Assessment of the conservation status of fish and of the effects of the main threats cannot be easily achieved, due to a lack of knowledge about the distribution and abundance of the majority of species (Olden et al. 2010). For instance, in Italy the bulk of data concerning fish distribution come from technical reports produced by local public authorities (e.g. park and provincial councils), whose aim is primarily related to sport fishing management and, in some cases, to the implementation of local conservation measures. Although reports are produced outside academic publishing and distribution channels and are thus classified as “grey-literature”, they provide information that can be precisely located in space and time. However, they are often available only as printed papers and, thus, not directly usable in Geographic Information Systems (GISs), to perform statistical and territorial analyses, except through preliminary digital processing work.
Recently, the GRAIA Company collected and standardised all available information on Italian fish from 1895 to 2014, producing the “Distribution Data of Italian Freshwater Fish” database (DDIFF hereafter; Puzzi & Ippoliti 2015). The database has been mobilised through BioFresh, which is a network for global freshwater biodiversity, published on http://data.freshwaterbiodiversity.eu. The purpose of BioFresh is the creation of a digital platform published online, available to all users and containing all available information about the biodiversity of European freshwater ecosystems. The DDIFF, which is included in the BioFresh platform, should overcome some of the constraints on data availability and provide the first national synthesis of fish species distribution in Italy, freely available in a digital and georeferenced form. Given the long time period covered, the database could also be used to explore changes over time in species' distribution and communities, including threats associated with exotic species.

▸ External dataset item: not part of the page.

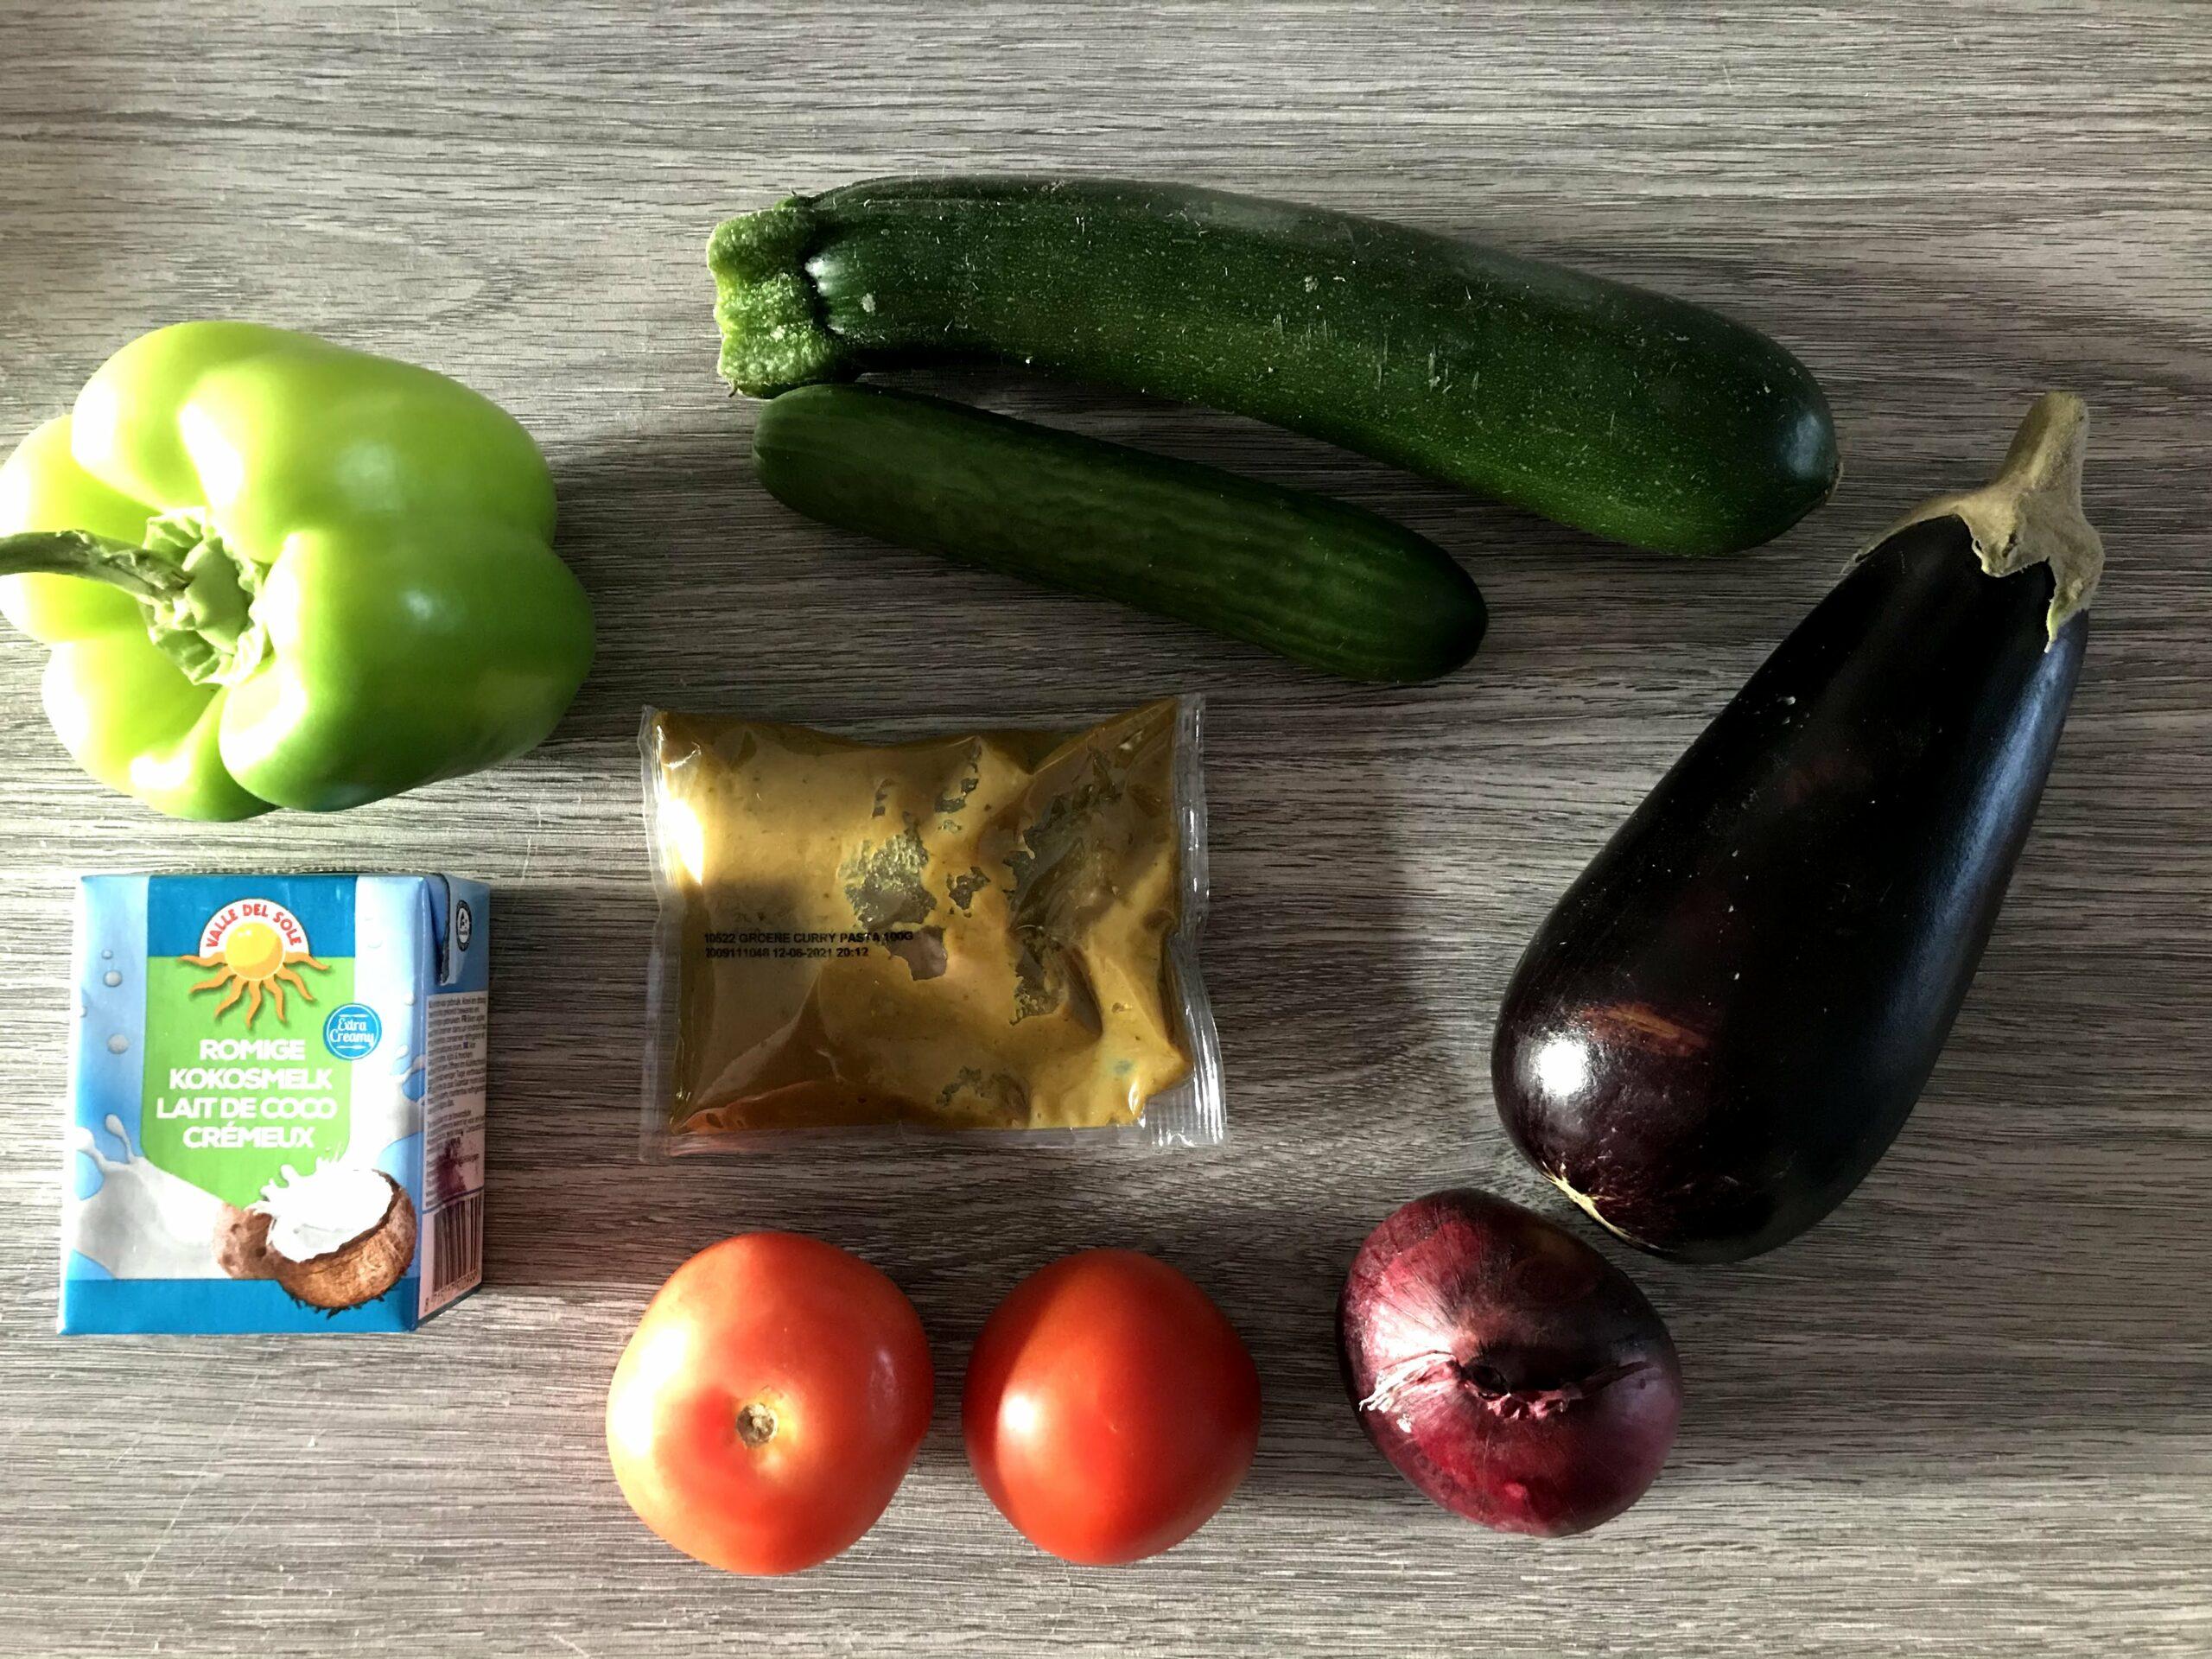 groene curry lidl verspakket
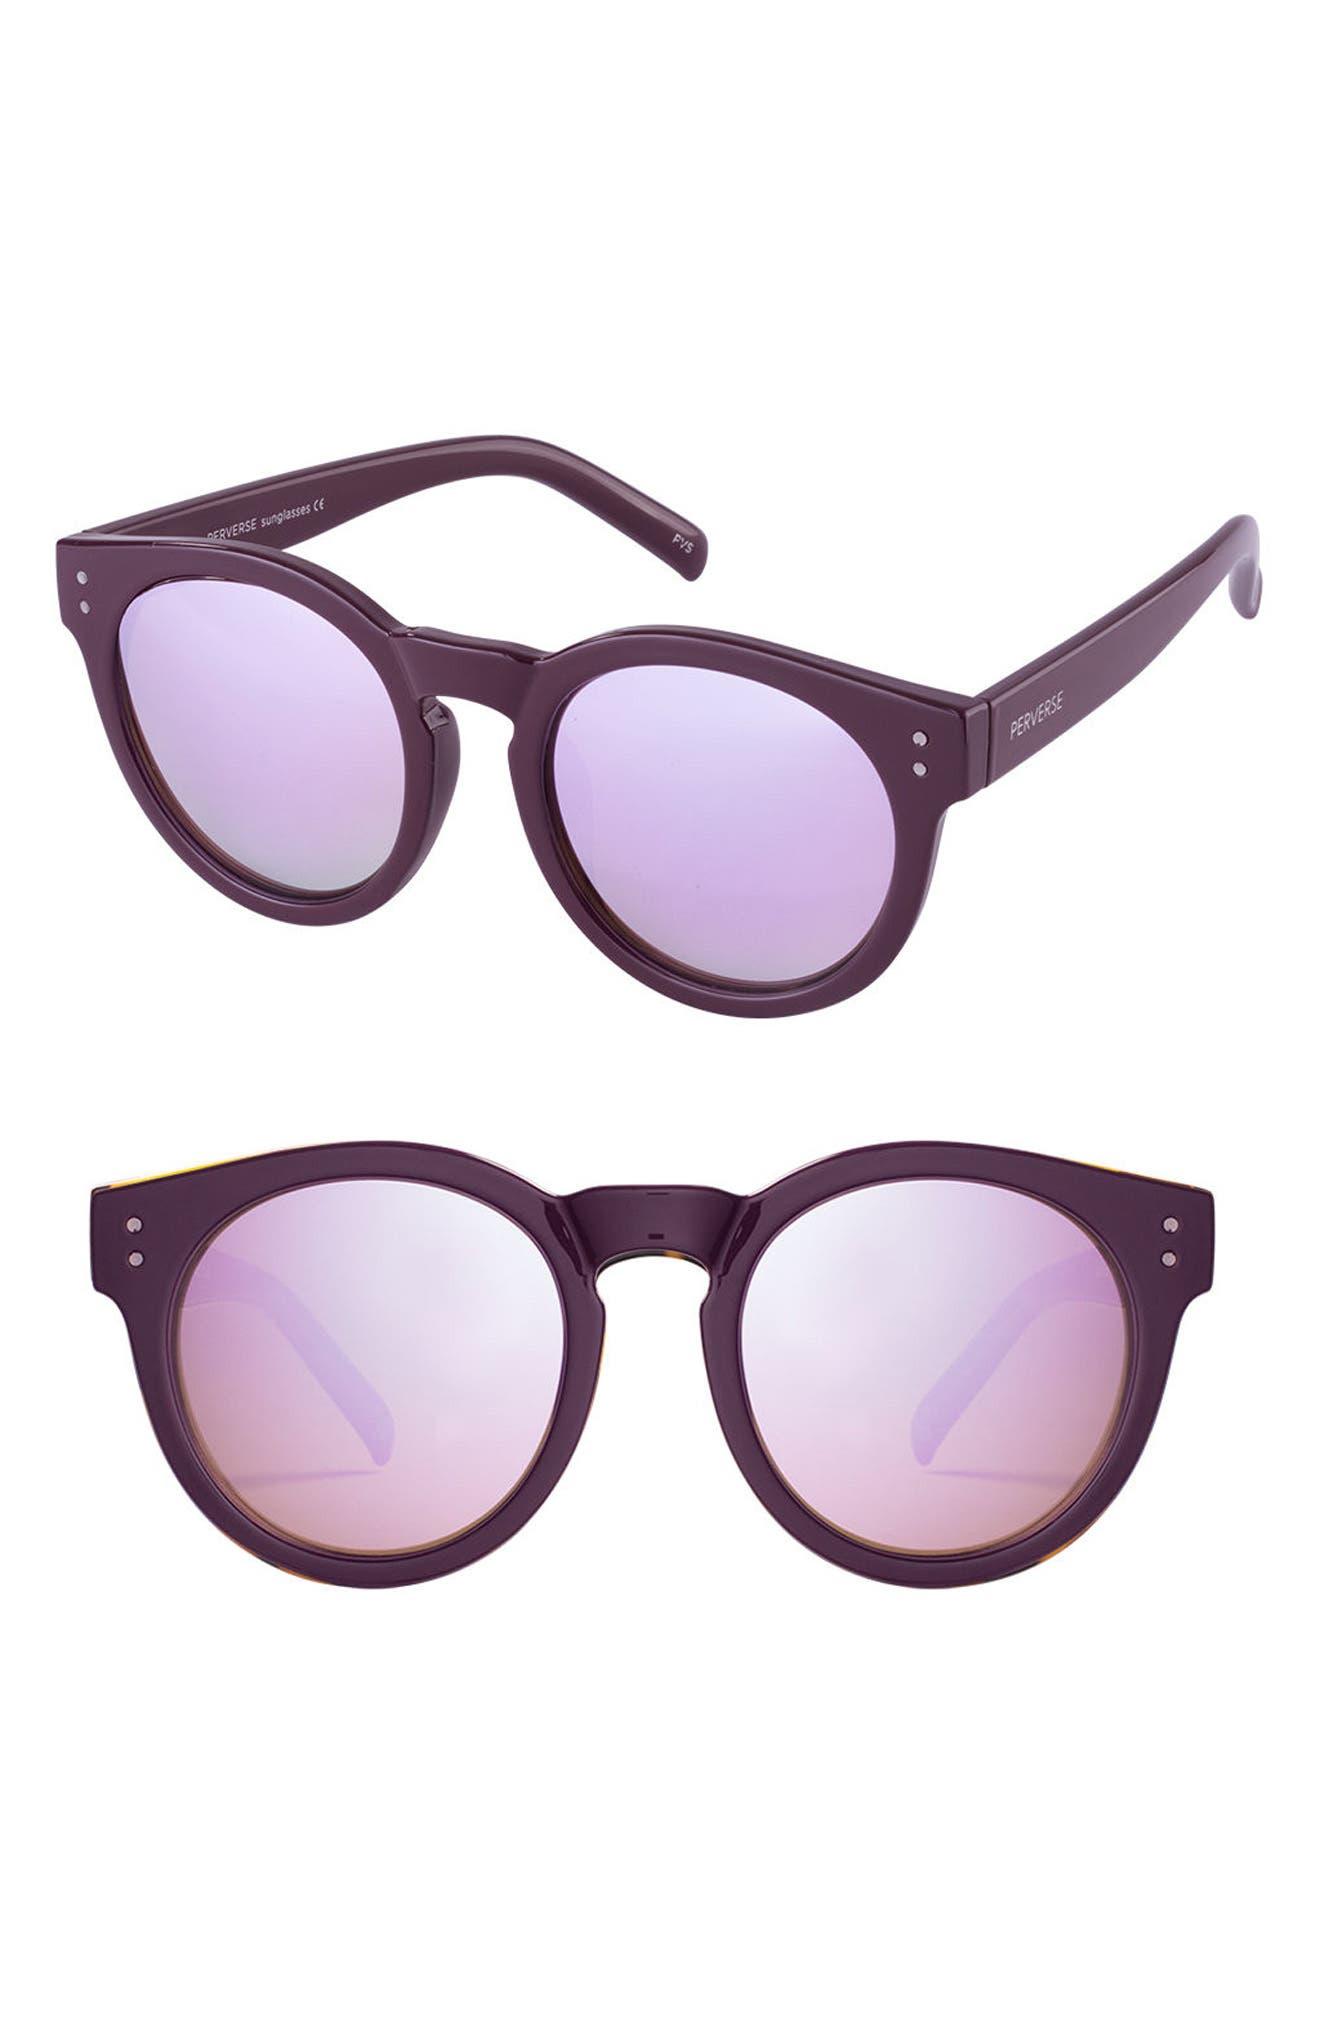 PERVERSE Declan 51mm Keyhole Sunglasses

The aim of this research was to understand how realistically the DDIFF reflects the actual distribution of riverine fish species in Italy, by assessing the comprehensiveness and representativeness of the information included in the database. Data comprehensiveness was assessed by evaluating the spatial and temporal coverage of data at the national level, whereas data representativeness was evaluated by comparing the observed and estimated richness of native species within river basins. Finally, we assessed the eventual uncertainty in richness estimation induced by the presence of exotic species.
Material and Methods
The Distribution Data of Italian Freshwater Fish database
The DDIFF, developed in a spreadsheet and georeferenced form in a GIS workspace according to the WGS84 UTM 32N coordinate system (EPSG 32632), includes three main tables linked by primary keys, which contain information about coordinates, samplingsitesandobservedspecies.Eachsamplingsite was linked to city, provincial and regional boundaries, and to the 10 km grid square of the Military Grid Reference System (MGRS) in which it fell. All the vector layers used to build up the database are freely available online: watercourses were downloaded from the SINAnet cartographic portal ( http://www.sinanet.isprambiente.it/it/sia-ispra/download-mais/, accessed on 13 April 2015), the MGRS grid from the National Geospatial-Intelligence Agency website, and the boundaries of city, provincial and regional territories were downloaded from the ISTAT website ( http://gisportal.istat.it/, accessed on 13 April 2015). Watercourses were edited in order to add all those that were not already included in the national vector layer (mainly artificial watercourses), and to integrate the data with regional layers (particularly for the Po plain regions including Piedmont, Lombardy, Emilia-Romagna, Veneto and Friuli-Venezia Giulia).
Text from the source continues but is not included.